Thank you for the info about manually adding Subscription ID.

Seeking refined answers…

1. Does 2Member remove authentication for iTunes when a member is downgraded or cancelled?

2. When does s2Member remove authentication for iTunes when a member is downgraded or cancelled?

– a. At the EOT date

– b. After the EOT date

3. Does s2Member do the above for manually added member records (i.e. those without Subscriber ID)?

4. How can we remove authentication for members who have access but should not?

1. Does 2Member remove authentication for iTunes when a member is downgraded or cancelled?

If the restriction is through levels, yes.

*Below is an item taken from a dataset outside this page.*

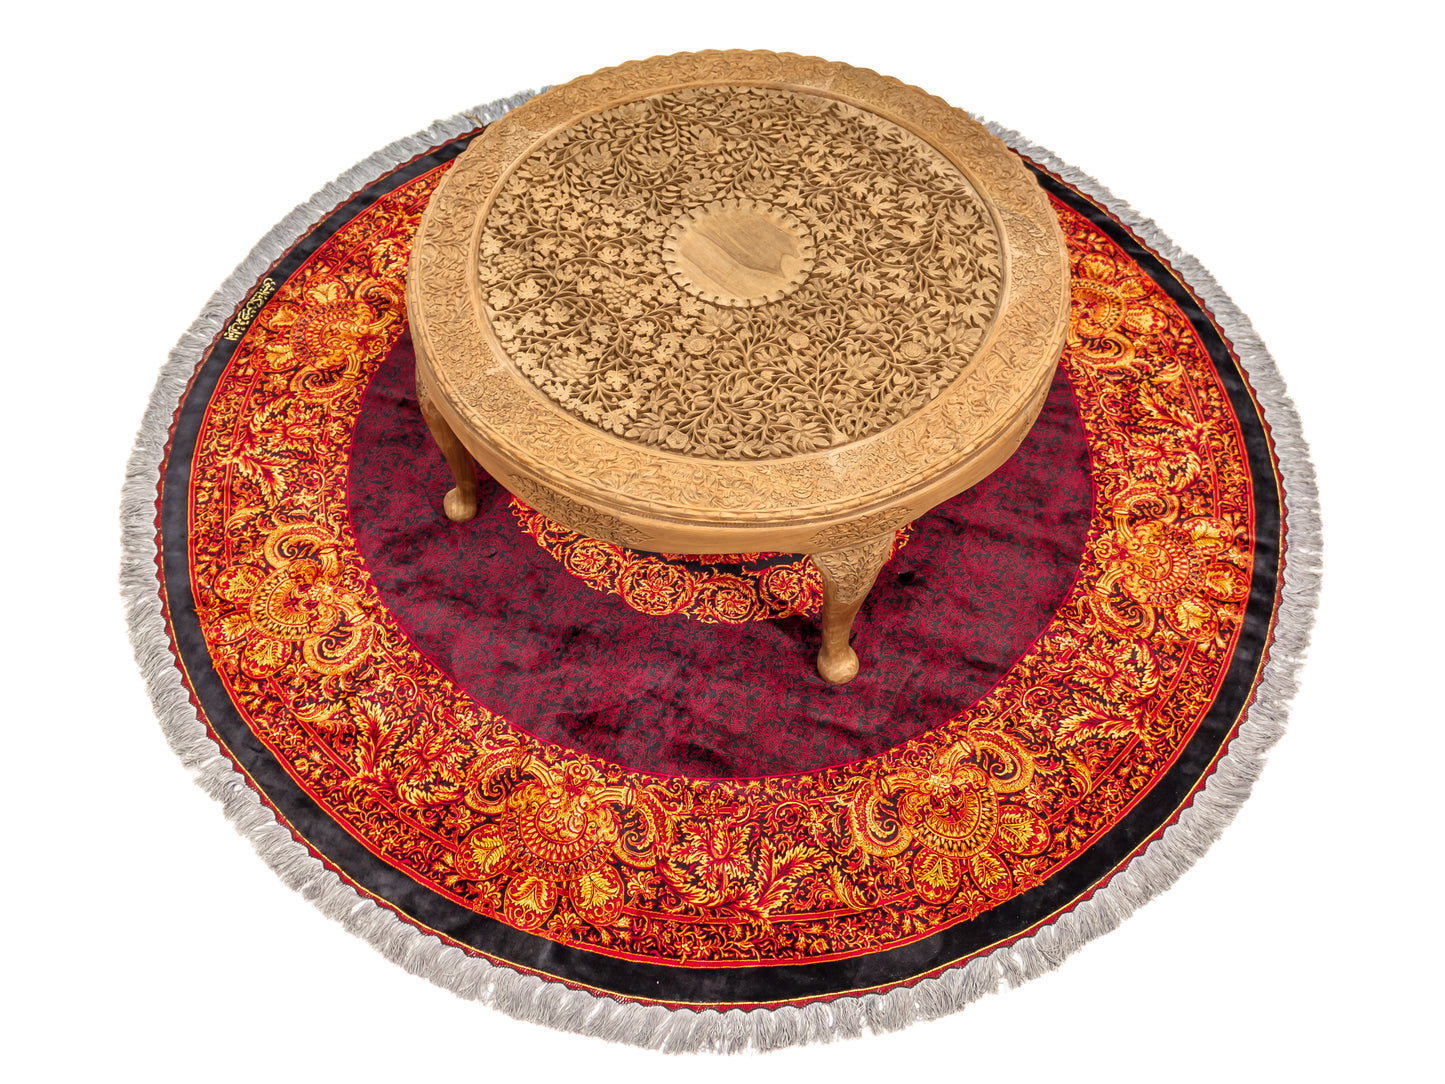 Handmade Walnut Table "4 seasons" product image #29720065343658

If you’re generating the link to the file with a download key, then level doesn’t matter, unless you check level before adding the download key to the URL.

2. When does s2Member remove authentication for iTunes when a member is downgraded or cancelled?

When level is demoted, as long as download access depends on the user’s level, as explained above.

3. Does s2Member do the above for manually added member records (i.e. those without Subscriber ID)?

Yes, EOT behavior is applied to manually added members as long as you included an EOT time.

4. How can we remove authentication for members who have access but should not?

Changing their role to Level 0.

Again, all these level related questions depend on you not adding to the URL a download key without checking the level.

I hope that helps. :)

Thank you Christian,

We don’t use the link to files method. Our users go to iTunes, subscribe and iTunes asks for their authentication.

RE: Question 4, and answer (where role change to Level 0 should remove authentication):

We tested this on a manually added Level 1 user.

1. Demoted them to Level 0,
2. Logged out of everything (in case of any caching issues),
3. Unsubscribed to the iTunes podcast,
4. Then resubscribed to the iTunes podcast and it started downloading content without asking for authentication.

Why did the Level 0 user still have access to the authentication only podcast?

We don’t use the link to files method. Our users go to iTunes, subscribe and iTunes asks for their authentication.

What method do you use then? Where is the URL they’re using to subscribe in iTunes?

Also, are you running any caching plugins? Or is your server doing any caching that you know of? That might cause a previously authenticated session to be cached.